IL RUOLO DEI COMUNI E LE CONSEGUENZE DELLA LORO DISMISSIONE

Secondo alcuni operatori, riferisce il docente, aver abolito la presentazione della domanda ai Comuni “è servito a sgravarli da una mansione burocratica che li distoglieva dai loro compiti di sostegno alle famiglie in povertà.
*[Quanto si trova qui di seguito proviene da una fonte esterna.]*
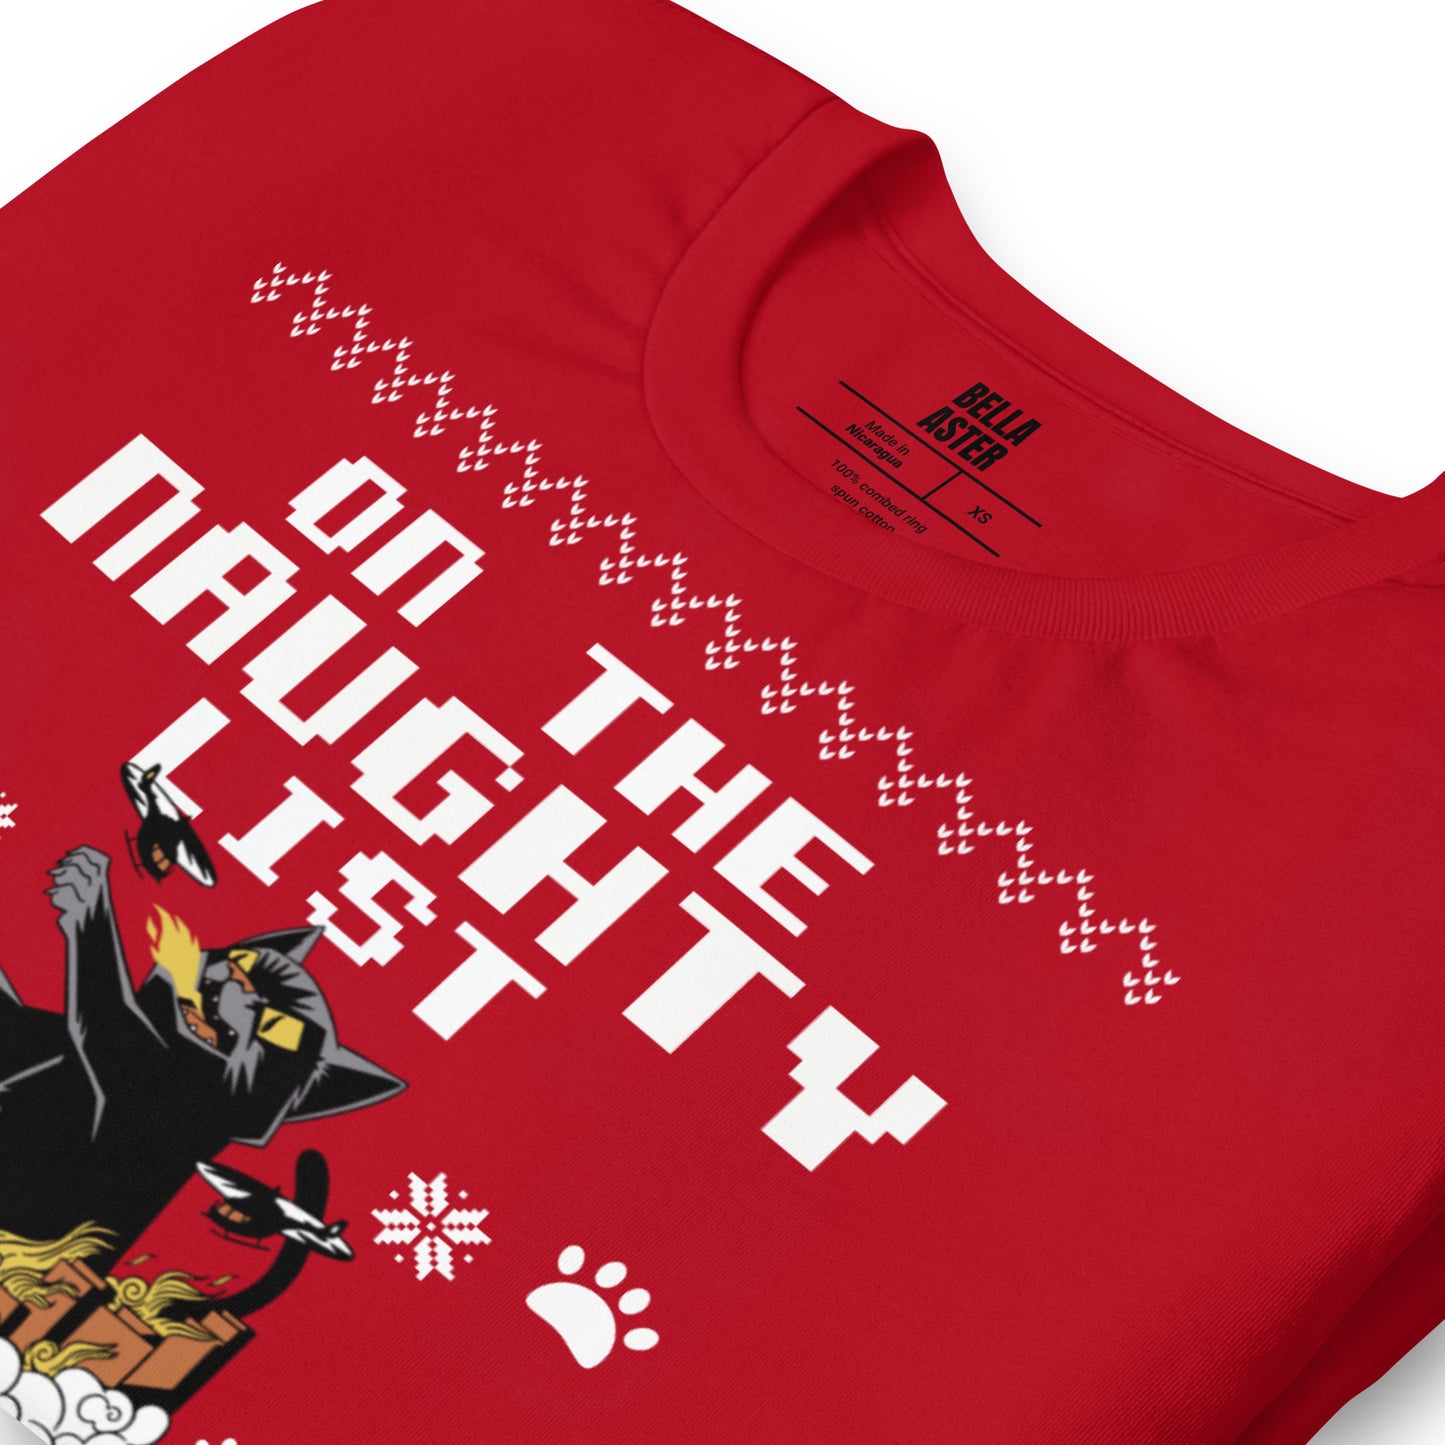 On The Naughty List And I Regret Nothing Unisex T-Shirt

Tuttavia, non bisogna confondere la funzione di informazione/orientamento con quella di ricezione delle richieste”. Si poteva almeno mantenere gli sportelli informativi/consulenziali che pure “avevano, nel Rei, un’efficacia diversa nei vari contesti locali e molto restava ancora da fare”.
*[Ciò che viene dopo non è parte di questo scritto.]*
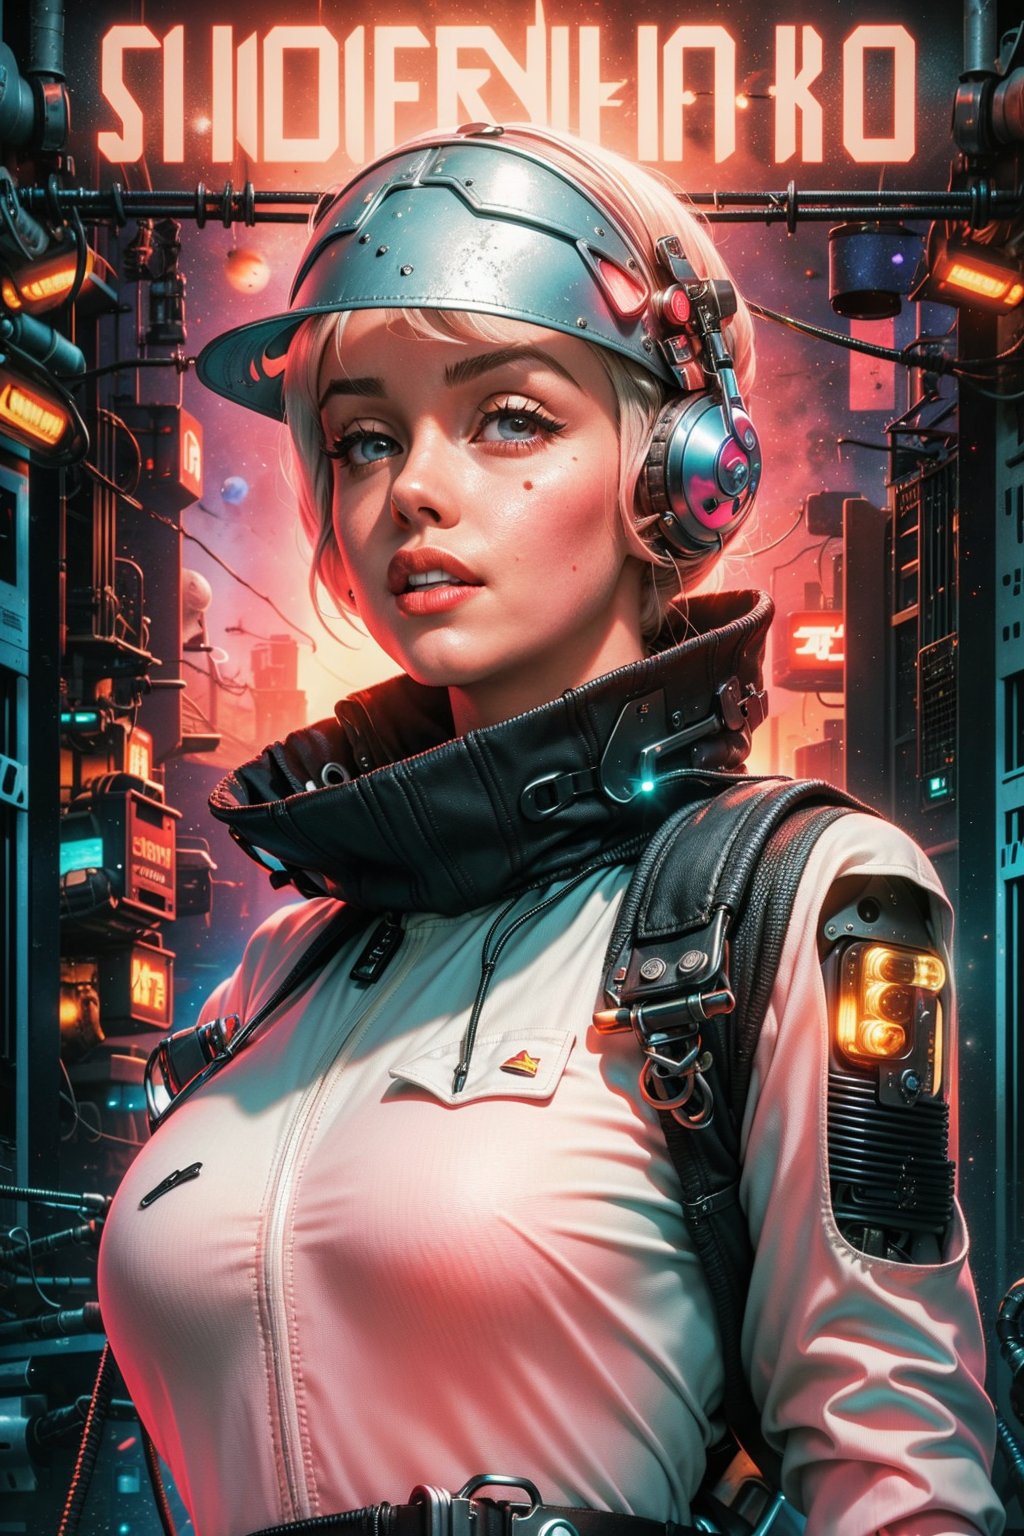 (very sharp focus, bokeh), (Marilyn Monroe), (grey eyes, beautiful detailed eyes), (portrait, cowboy shot), (solo, 1_girl), cyberpunk, neon lights, (white hair), (big fleshy lips:1.4), reddened cheeks, birthmarks:0.5, (huge breasts:1.2), navel, (narrow chest, thin waist, wide hips, thick thigh gap, cameltoe:1.3), (casual pink tank top, crop top:1.3), (white pants, low waist, visible thong, g-string:1.2), (space suit, cyber armor, futuristic clothes:1.3), (dark, night:1.1), (robotic dump, junkyard, metal scraps, wire, cables, fence:1.3), (propaganda poster, plakat, futurism, portrait:1.3)

Da questa situazione emergono tre conseguenze a partire dalla “privatizzazione gratuita”: un crescente numero di persone si rivolge ad associazioni – Caritas e altre realtà del terzo settore – per capire cosa fare. “Sono soggetti che hanno sempre svolto in parte questa funzione, ma non è possibile scaricarla interamente su di loro” osserva. Esiste poi il caso della “privatizzazione remunerata”. Qui il rischio è di “ripetere quanto avvenuto in Grecia con la misura nazionale contro la povertà introdotta nel 2017 (il reddito di solidarietà sociale). Per la mancanza di adeguati servizi pubblici di informazione e orientamento, il 40 per cento dei richiedenti, per essere aiutato a inoltrare la domanda, ha pagato privatamente una figura esterna al sistema del welfare. Si tratta di singoli privati che, senza alcun inquadramento regolare, svolgono impropriamente tale attività nel mercato sommerso”. Di questo parla un paper della Banca Mondiale pubblicato a gennaio 2019 dal titolo “A Quantitative Evaluation of the Greek Social Solidarity Income”.

L’AIUTO DELL’INPS

Il terzo effetto è la “supplenza dell’Inps”. Tridico infatti ha di recente sottolineato gli ostacoli che “allontanano i più fragili tra gli ultimi dalla possibilità di fruire della misura” e in varie occasioni ha parlato dei “tanti poveri che non hanno nemmeno la capacità – intellettuale o materiale – di presentare la domanda”. Per questo sono state annunciate iniziative mirate per fronteggiare il problema come il progetto “Camper Inps”, che “dovrebbe raggiungere i poveri in aree particolarmente disagiate”. Si tratta di proposte che, a parere di Gori, “serviranno certamente, seppur su piccola scala. Pare tuttavia difficile immaginare che possano supplire alla chiusura per legge dei circa 5 mila punti di accesso comunali attivati con il Rei”.